▶ [ACTION ITEM]: Please transcribe the data exactly as shown, skipping the images.

▶ [INFORMATION SUPPLIED]:

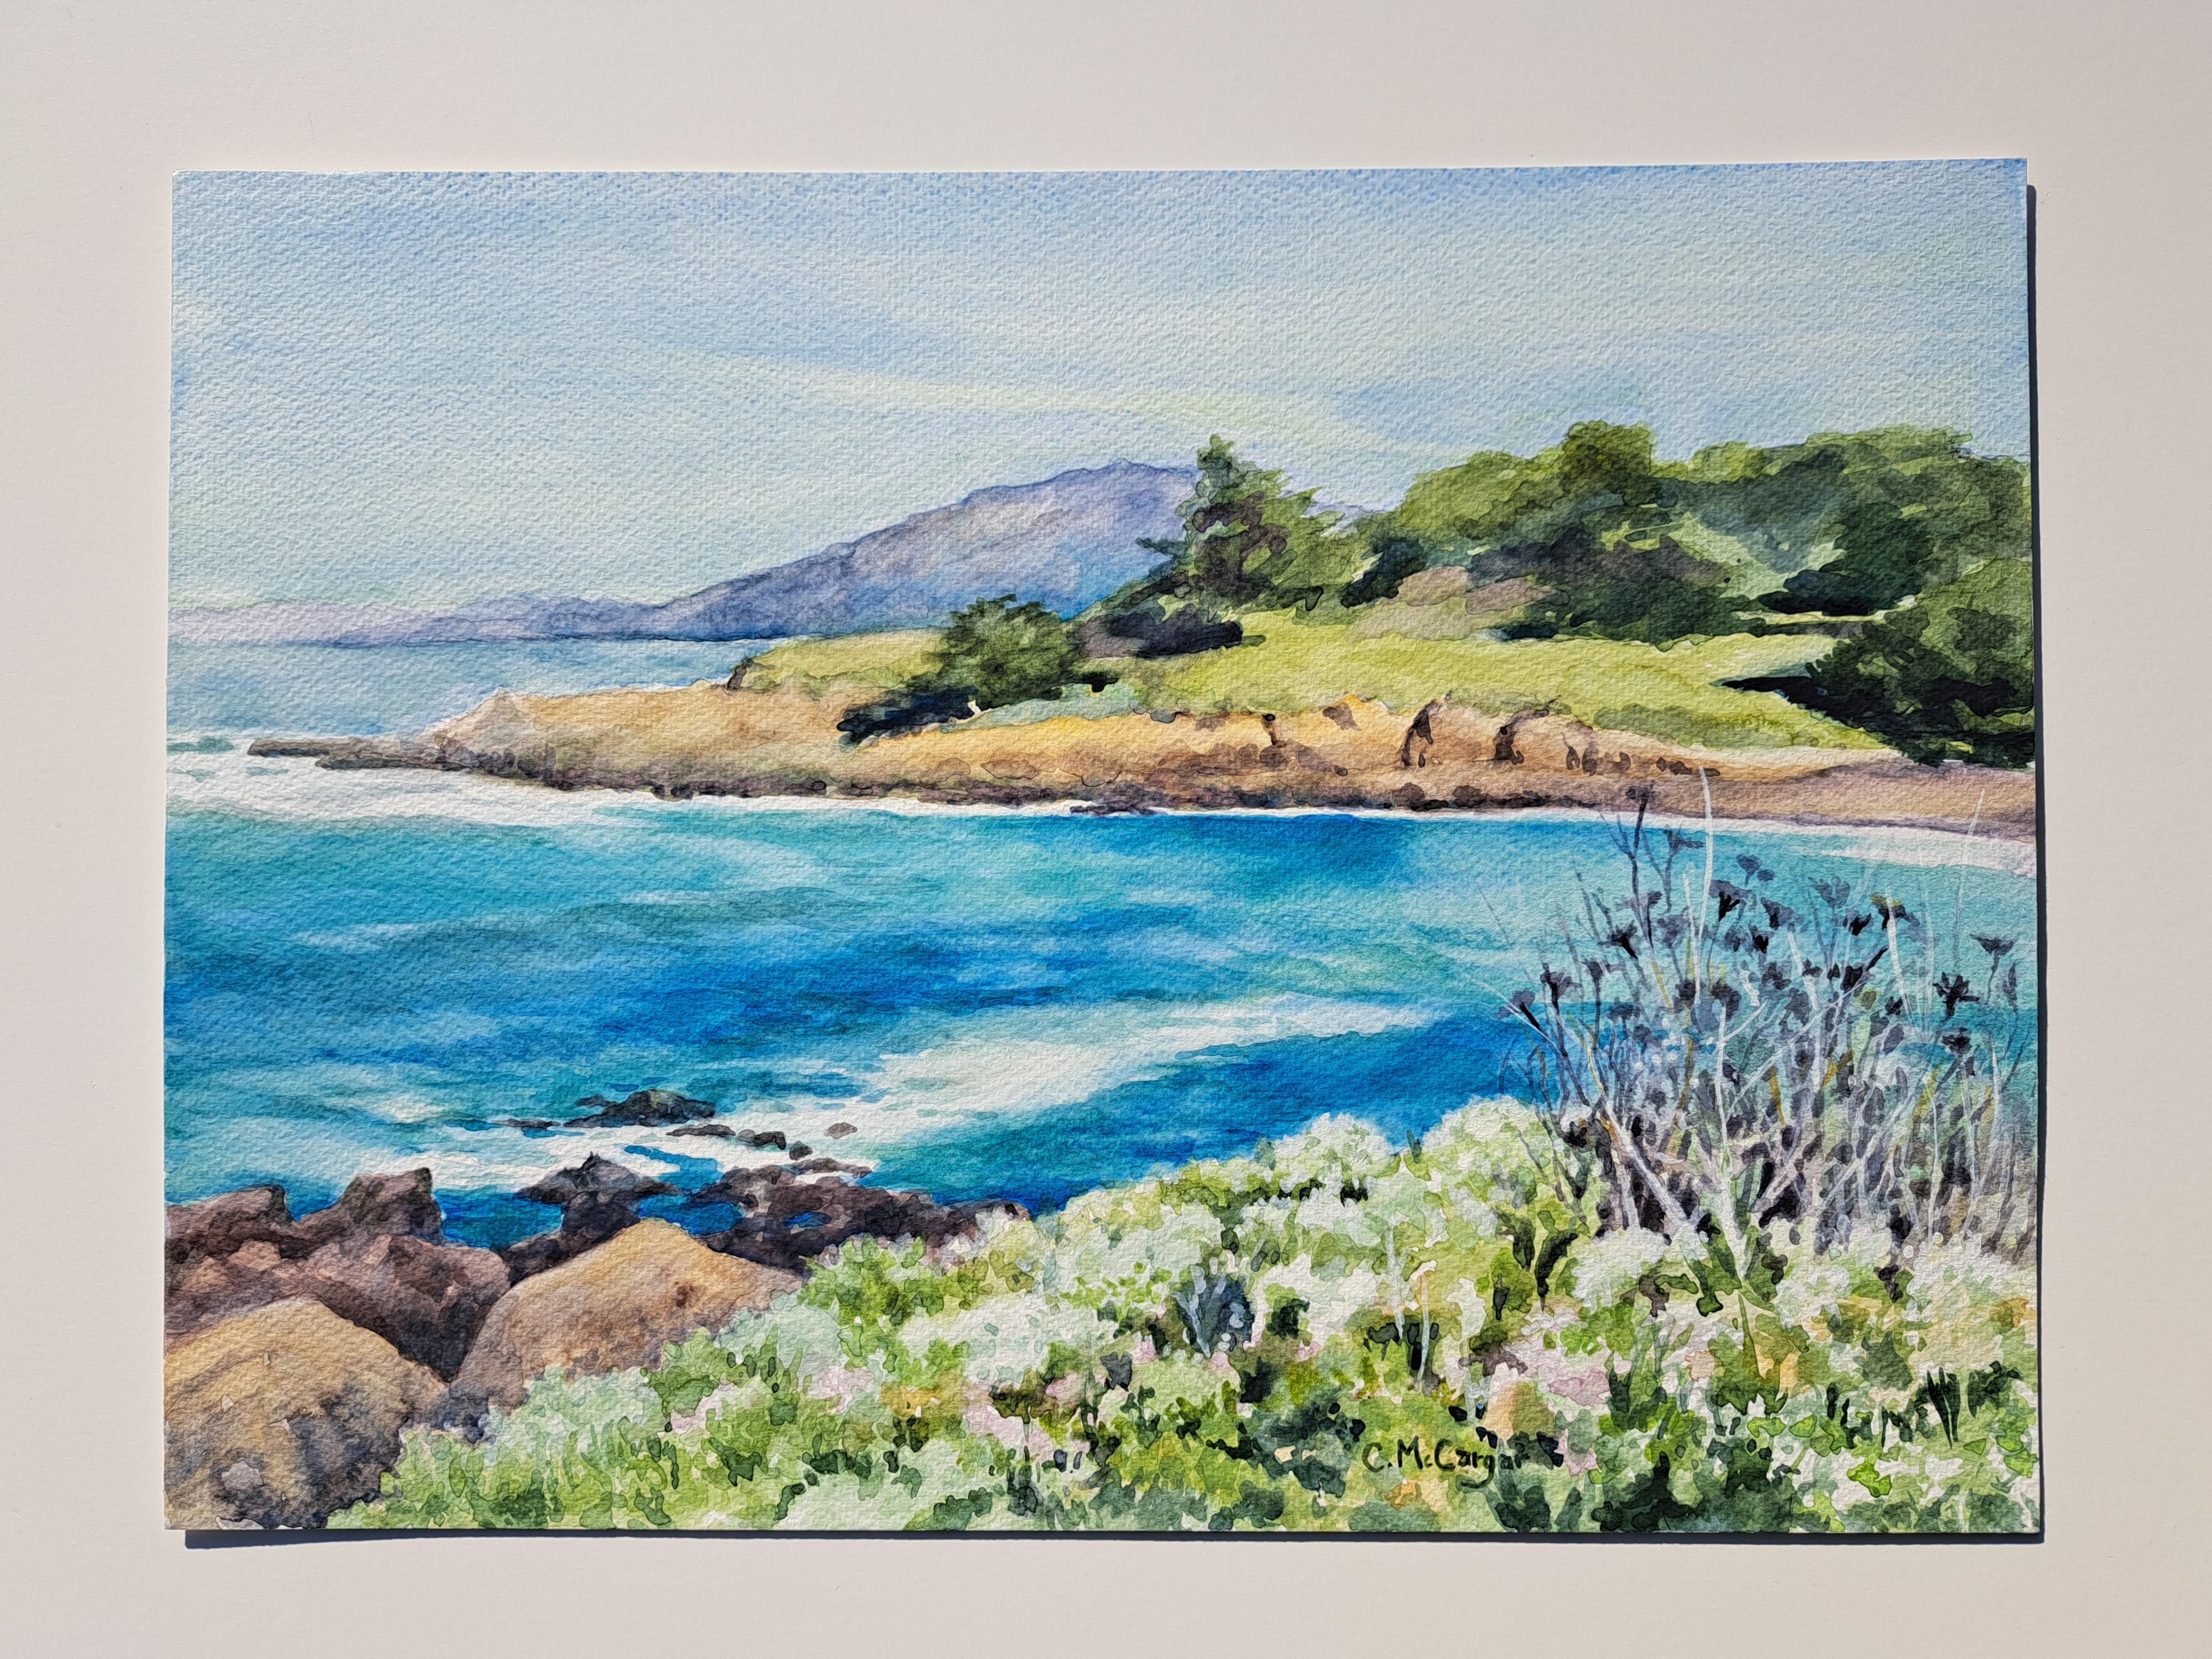 <p>Kommentare des Künstlers<br>Die Künstlerin Catherine McCargar zeigt eine beruhigende Szene des Pazifischen Ozeans, der an der grünen Küste vorbeizieht. Belebende, schäumende Wellen gleiten rhythmisch in und aus der ruhigen Auslage. Die üppige
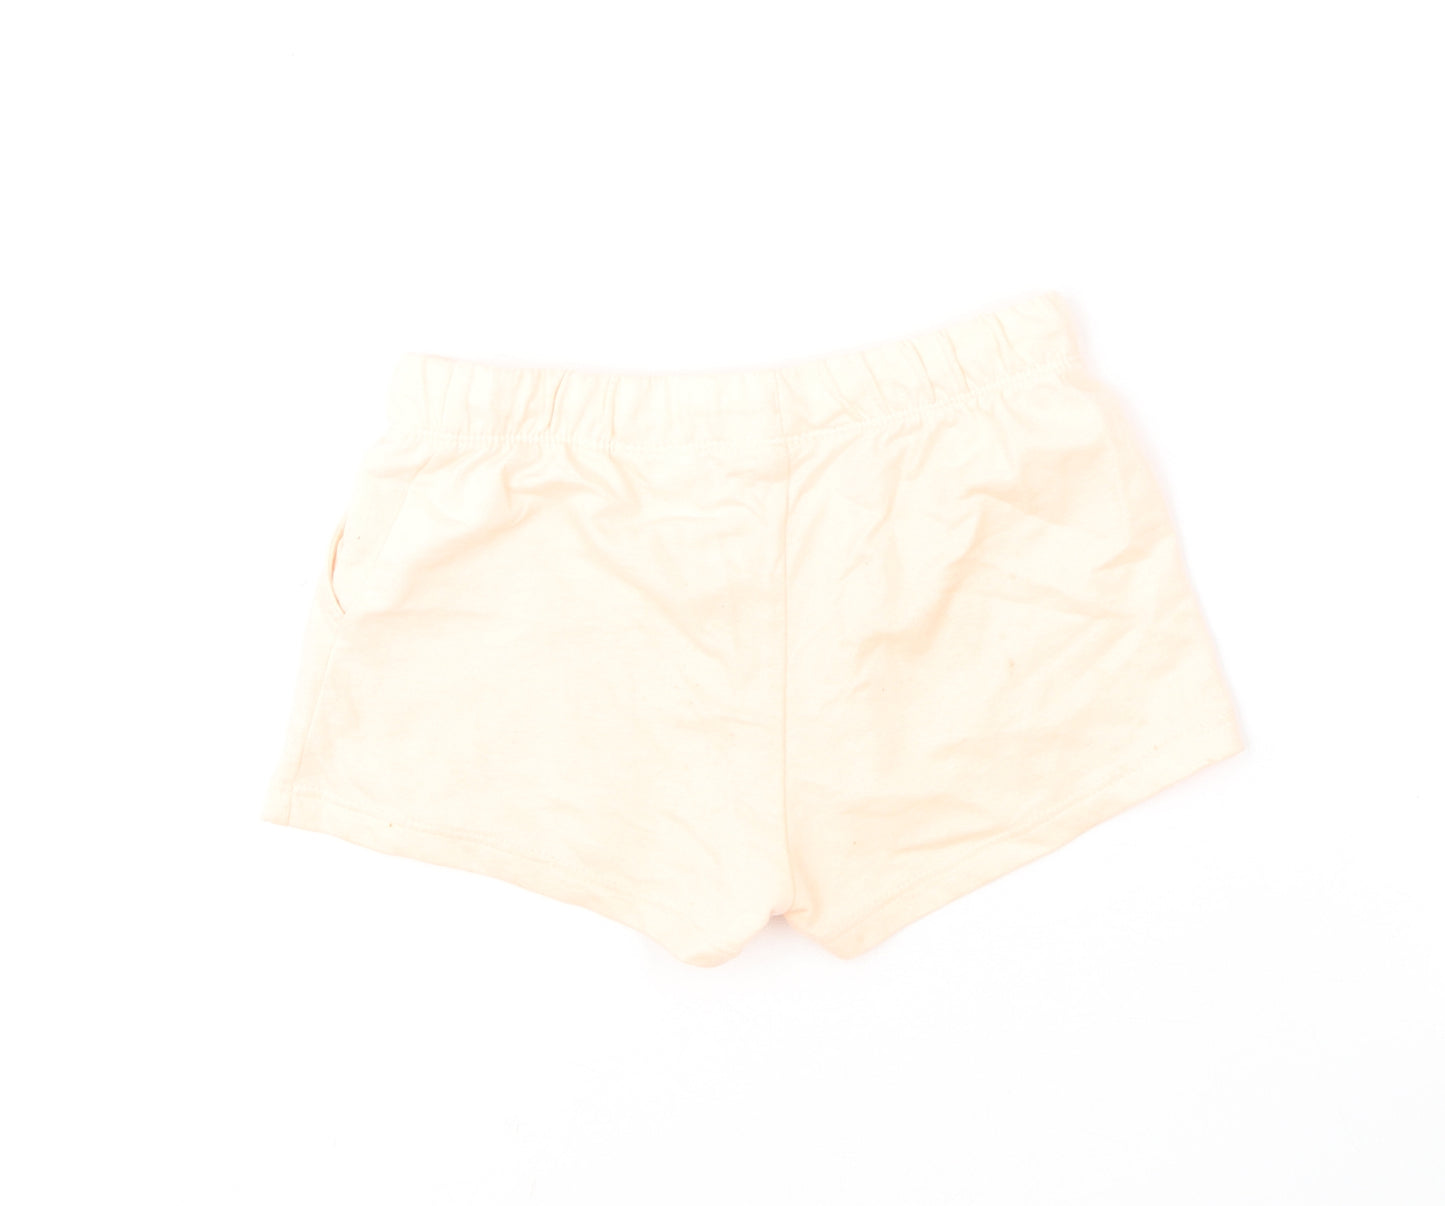 H&M Girls Orange  Cotton Sweat Shorts Size 6-7 Years  Regular
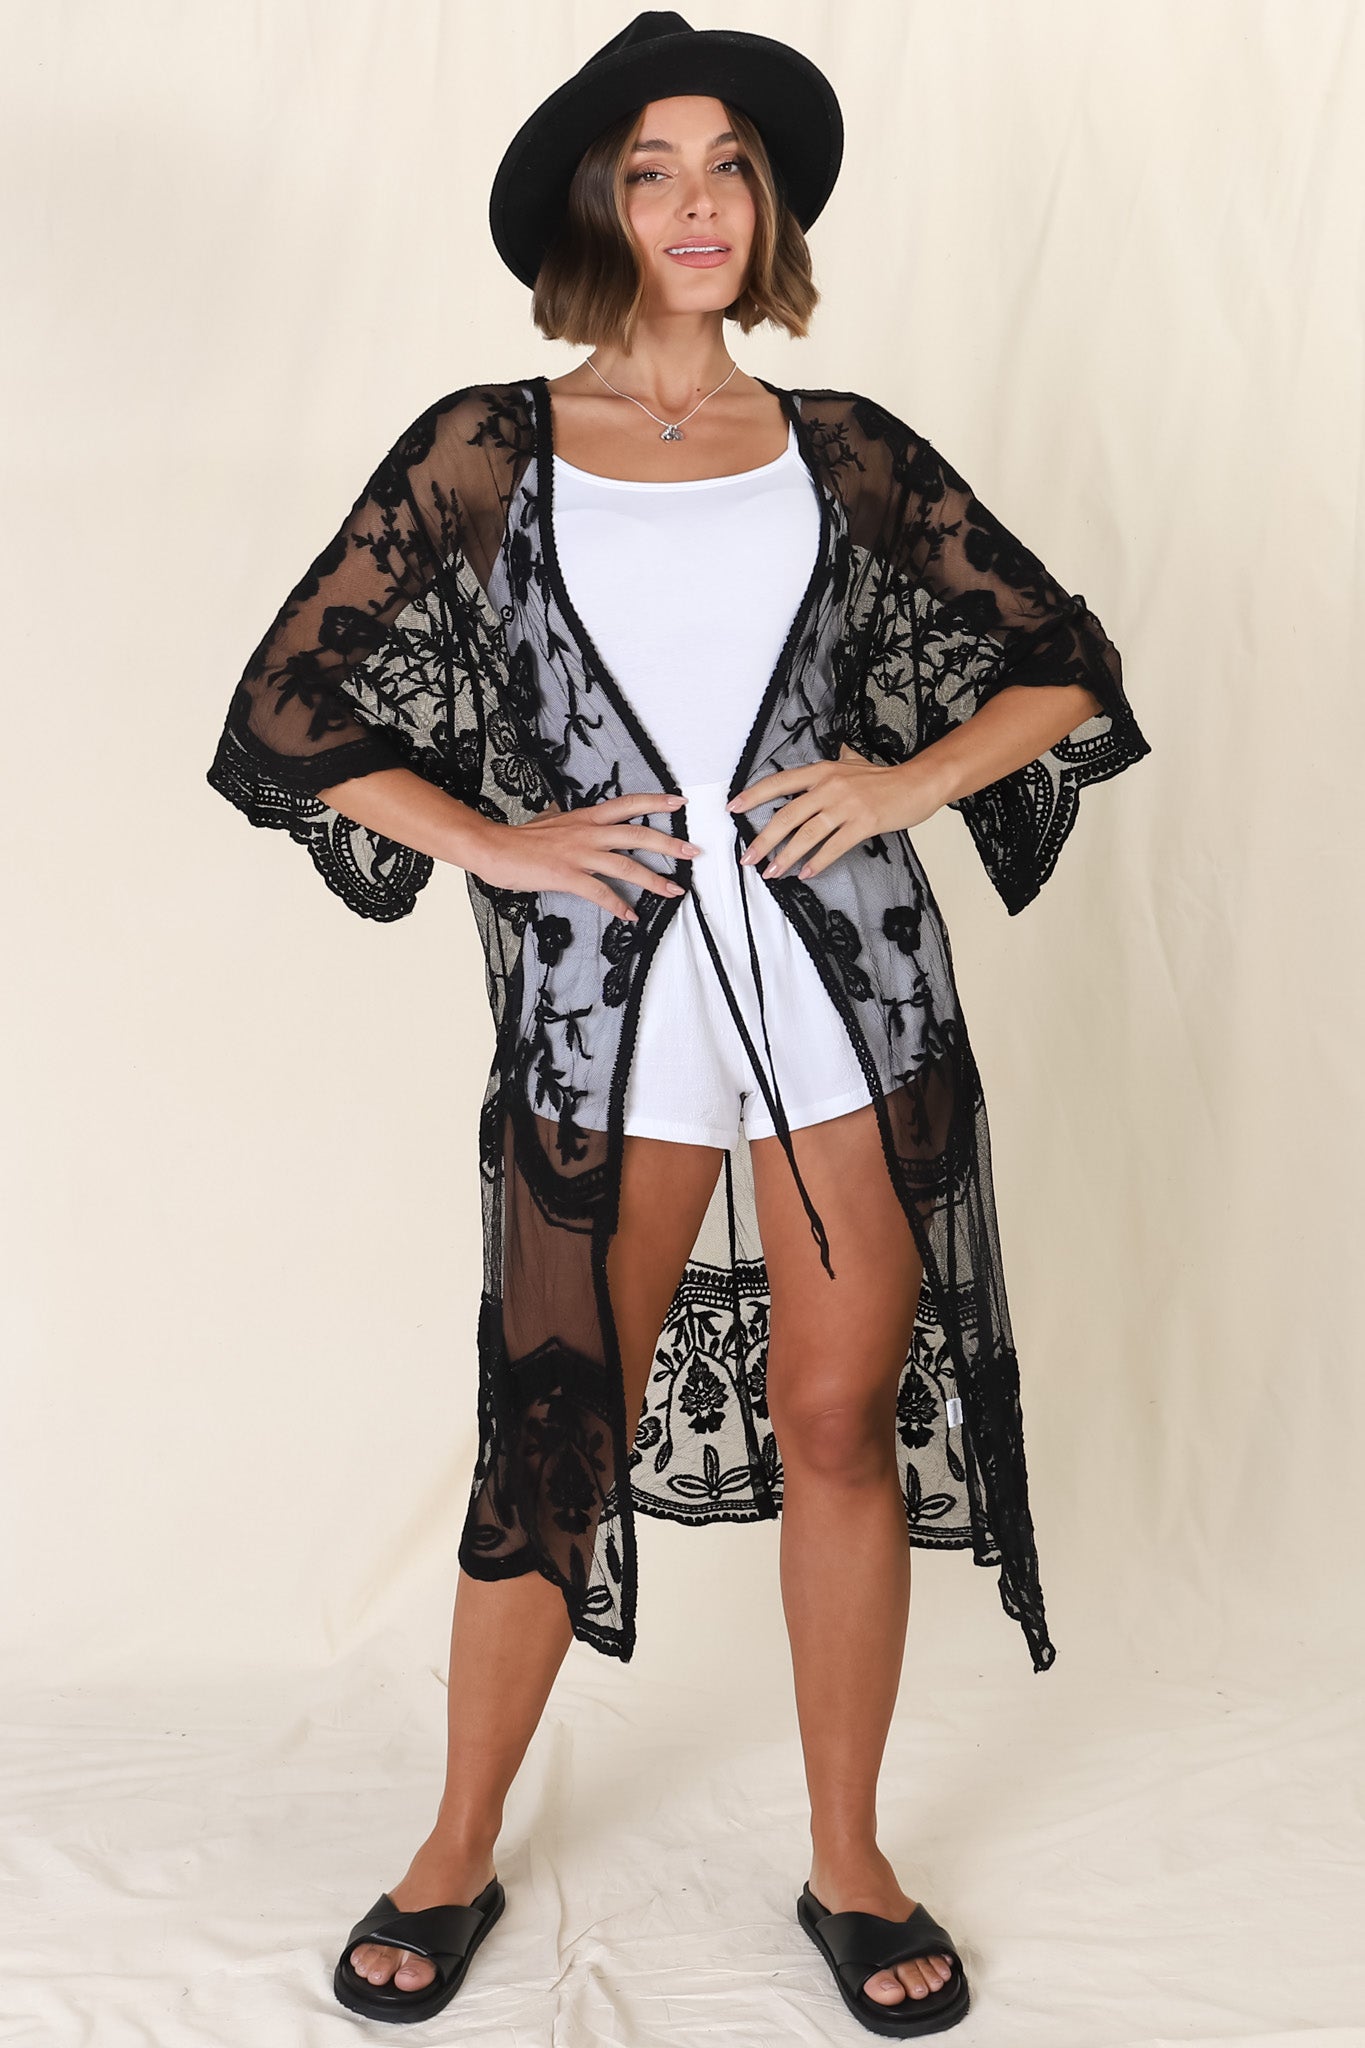 Haylo Kimono - Floral Lace Kimono with Scallop Hemline in Black

▶ [SOLUTION FOR THIS TASK]:
 <p>Kommentare des Künstlers<br>Die Künstlerin Catherine McCargar zeigt eine beruhigende Szene des Pazifischen Ozeans, der an der grünen Küste vorbeizieht. Belebende, schäumende Wellen gleiten rhythmisch in und aus der ruhigen Auslage. Die üppige
 H&M Girls Orange  Cotton Sweat Shorts Size 6-7 Years  Regular
 Haylo Kimono - Floral Lace Kimono with Scallop Hemline in Black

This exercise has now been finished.